= Beginning of Section =

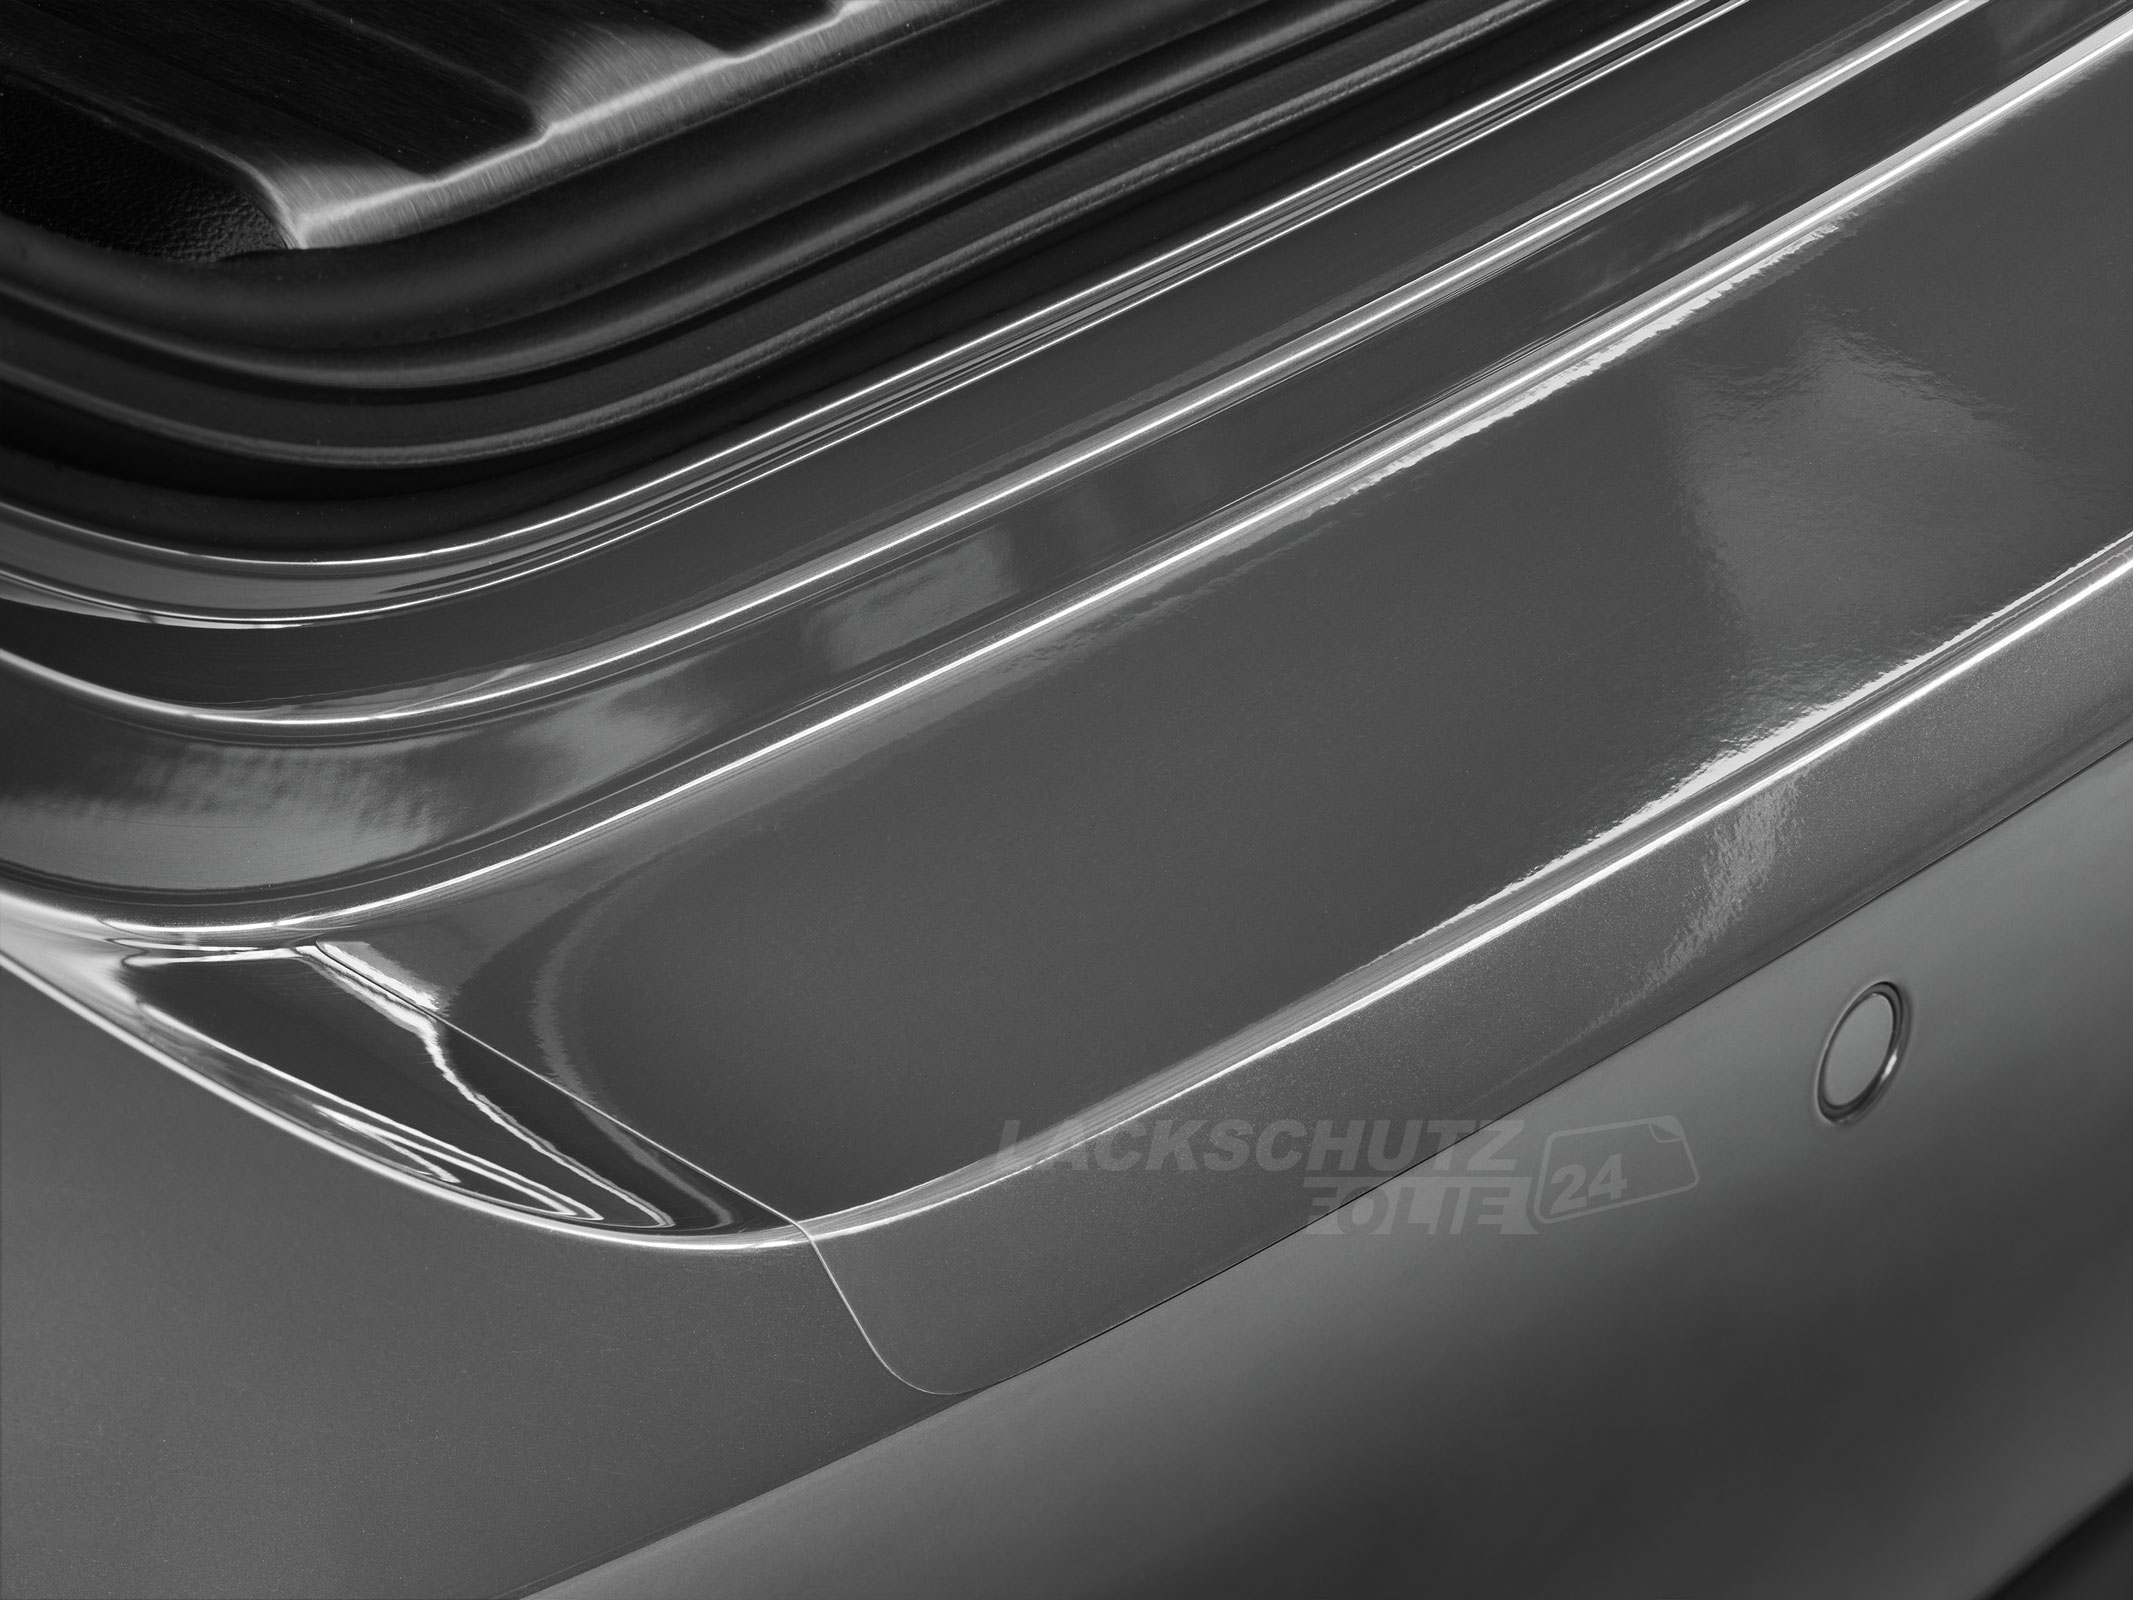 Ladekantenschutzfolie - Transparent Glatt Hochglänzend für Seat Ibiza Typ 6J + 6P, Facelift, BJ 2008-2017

= End of Section =
= Beginning of Section =

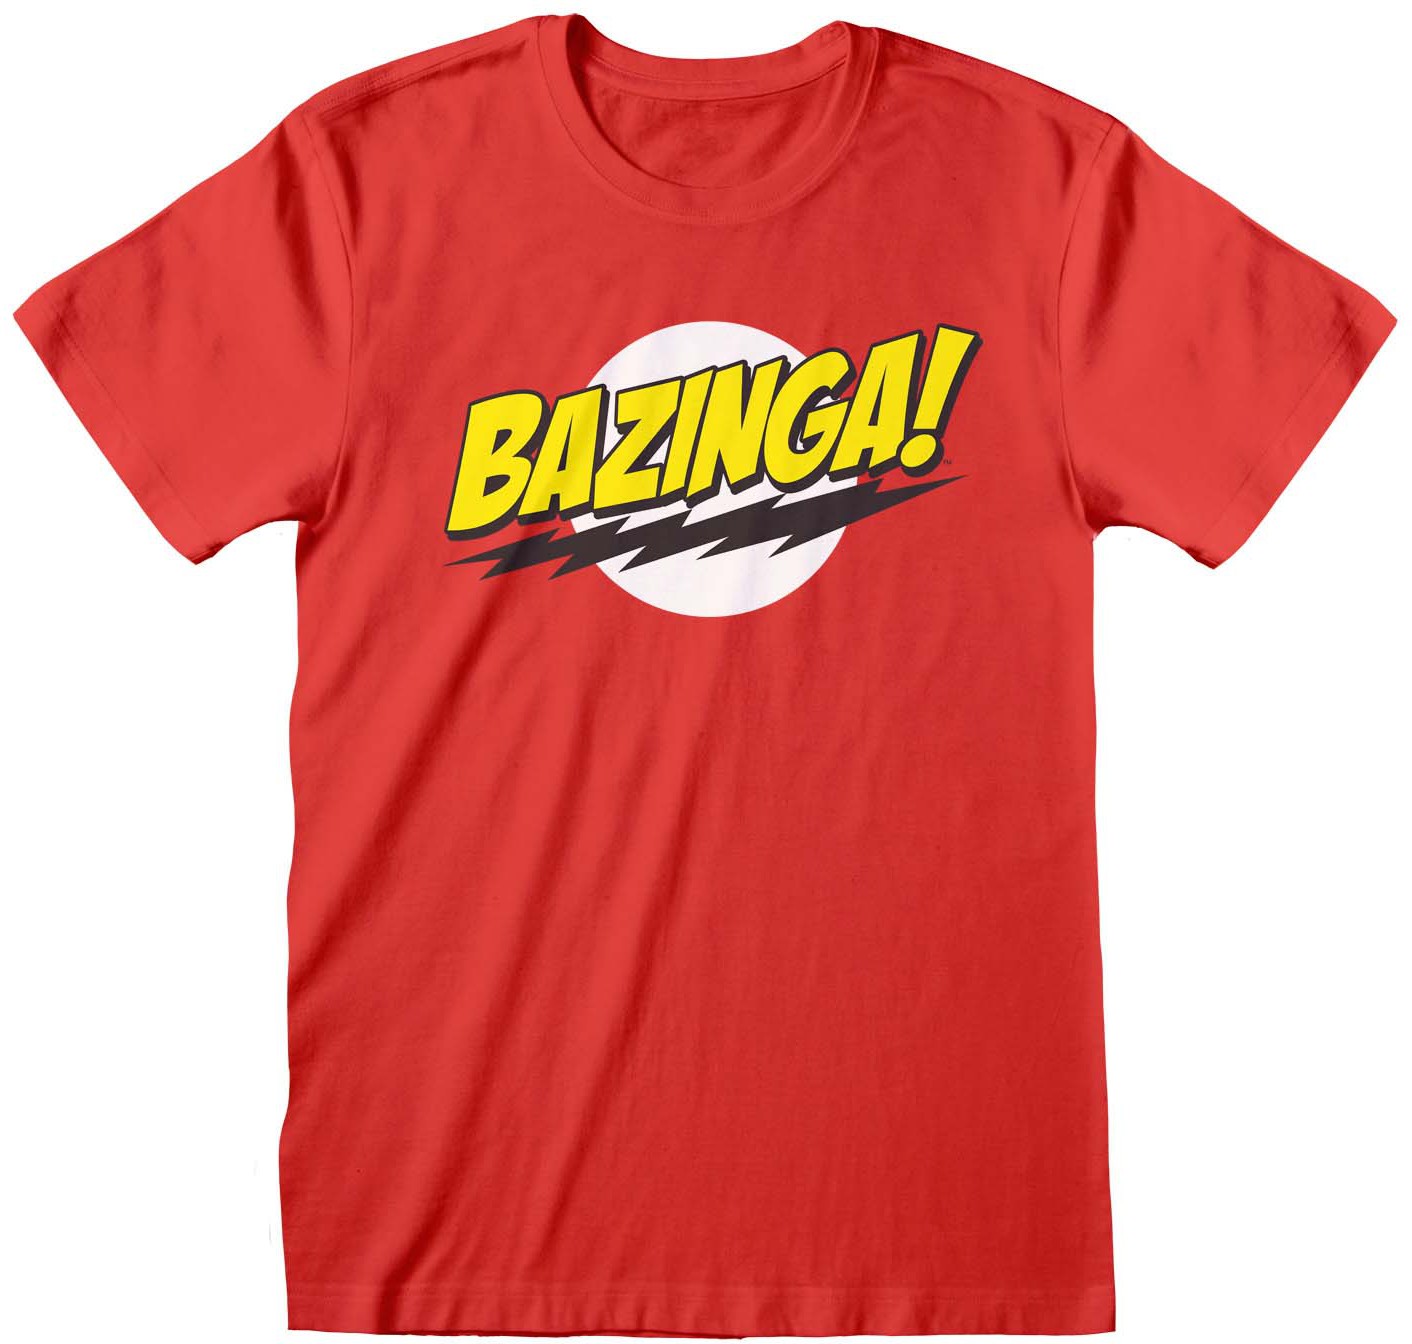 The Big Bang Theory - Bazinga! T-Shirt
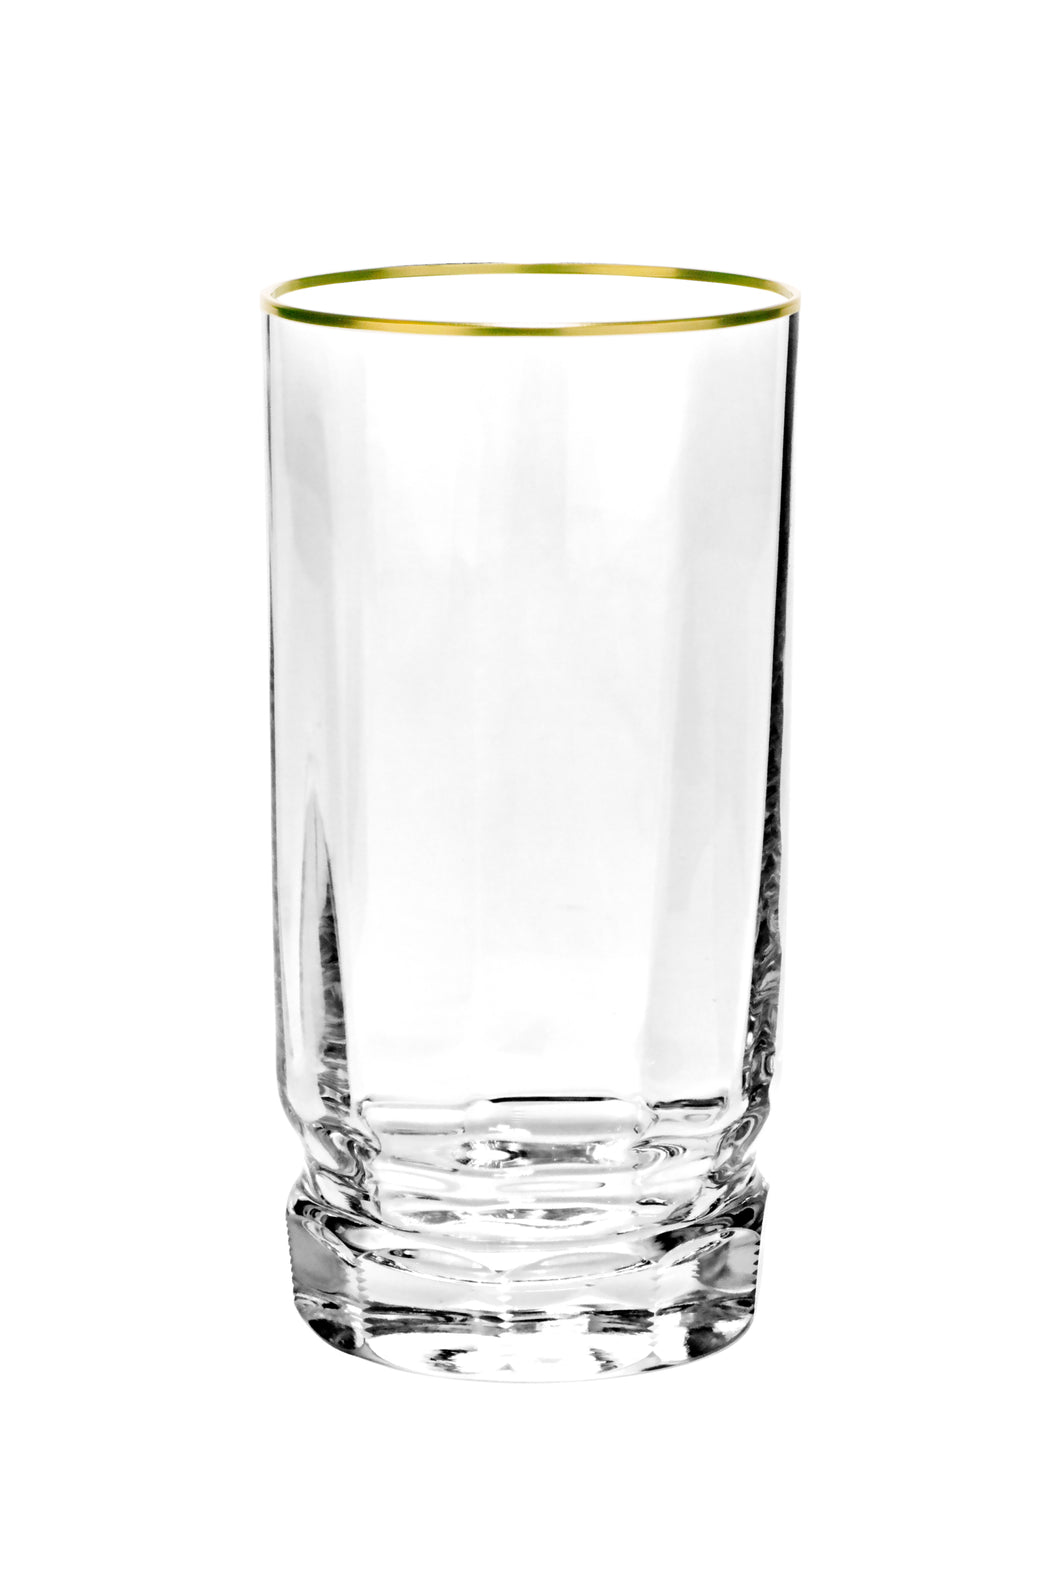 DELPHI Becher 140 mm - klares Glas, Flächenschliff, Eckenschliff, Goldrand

= End of Section =

▸ Work item
Exactly as written above, retype the lines starting at the one holding "The Big Bang Theory - Bazinga! T-Shirt" and ending at the one holding "DELPHI Becher 140", both included, but not the pictures.

▸ Problem solution
 The Big Bang Theory - Bazinga! T-Shirt
 DELPHI Becher 140 mm - klares Glas, Flächenschliff, Eckenschliff, Goldrand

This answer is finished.